Religion and Colonial Legacies (CI Carey): The fourth RIPL stream investigates the historical relationship between religion and politics in the contemporary post-colonial world. Arguably, the twin forces of colonialism/imperialism and its later legacies of colonial nationalism are the single most important political force which impacted the settler world of the former British Empire, including Australia. However, its religious legacy has seldom been interrogated except by specialist religious historians, though the late Adrian Hastings (1997) has done much to insist on the religious foundation of modern nations and nationalism, while Tony Ballantyne (2005, 2006) has argued for the strength of imperial religious networks generated by Sikhism. There is also a growing literature relating to imperial networks of religion and humanitarianism (Elbourne 2002, 2003; Hall 2002; Thorne 1999). This stream of the RIPL program will adopt a multi-disciplinary approach to colonial and post-colonial religion, to explicate the ways in which religion and colonialism served as mutually enforcing agencies in the political life of modern nation states.
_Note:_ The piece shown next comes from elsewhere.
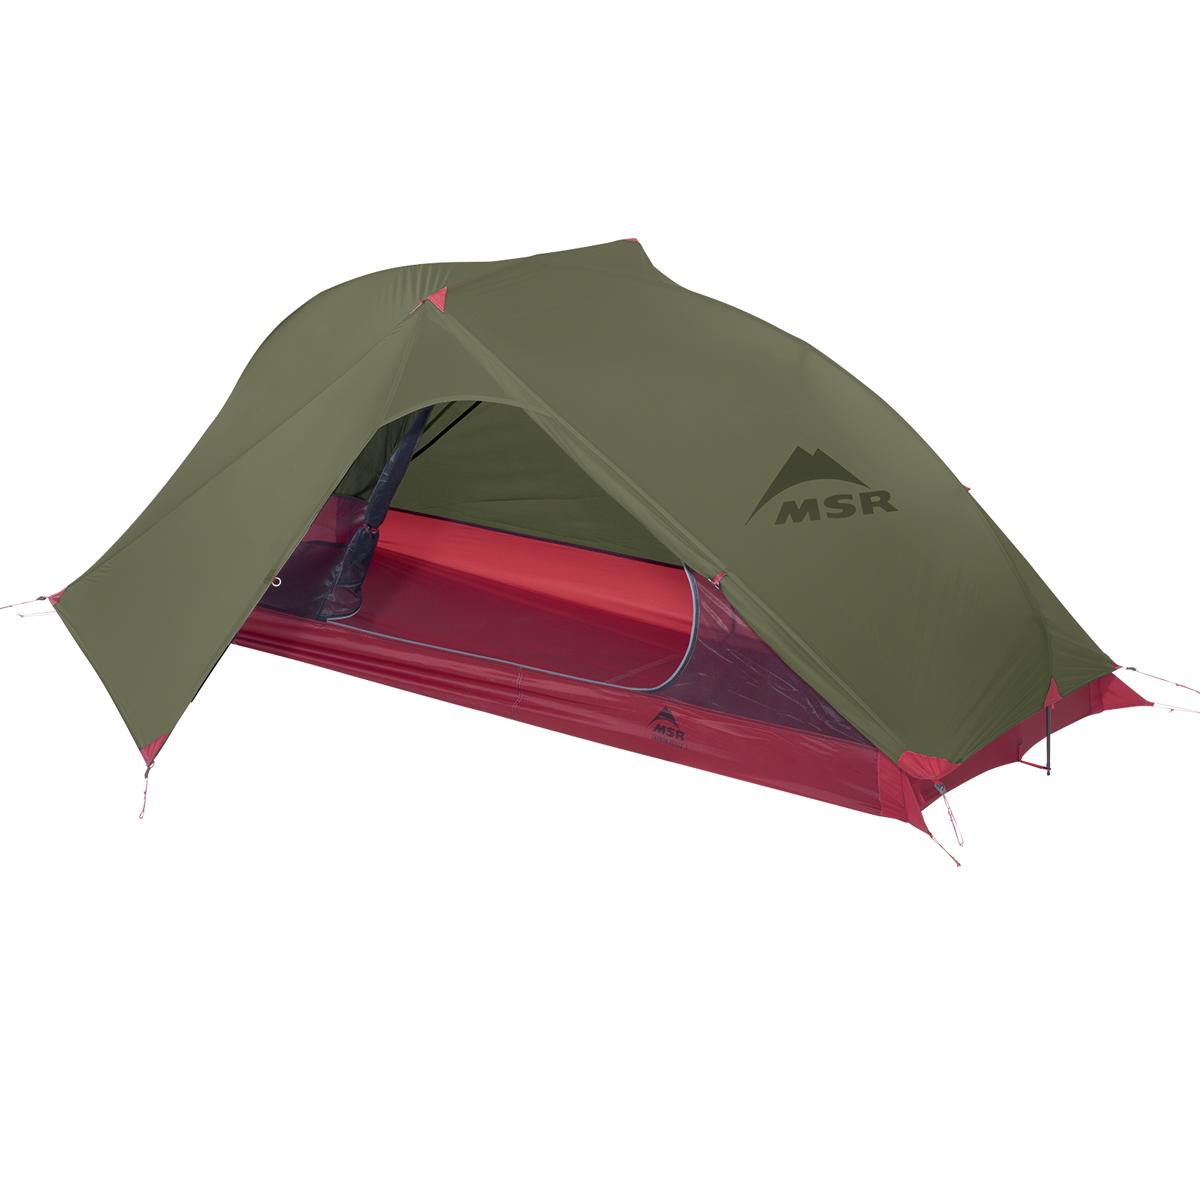 MSR Carbon Reflex 1 - 1 Persoons Tent - Groen

This work has been the subject of ongoing research by CI Carey, including two ARC-funded research grants, Religion and Imperialism from Colony to Nation (2005 – 2007) and Liberty, Anti-transportation and the Empire of Morality (2010 – 2012). This stream of RIPL takes advantage of the depth of interdisciplinary expertise in the research group to pursue a number of related but mutually independent case studies. An international symposium will run in early December 2012, which will result in an edited book outcome.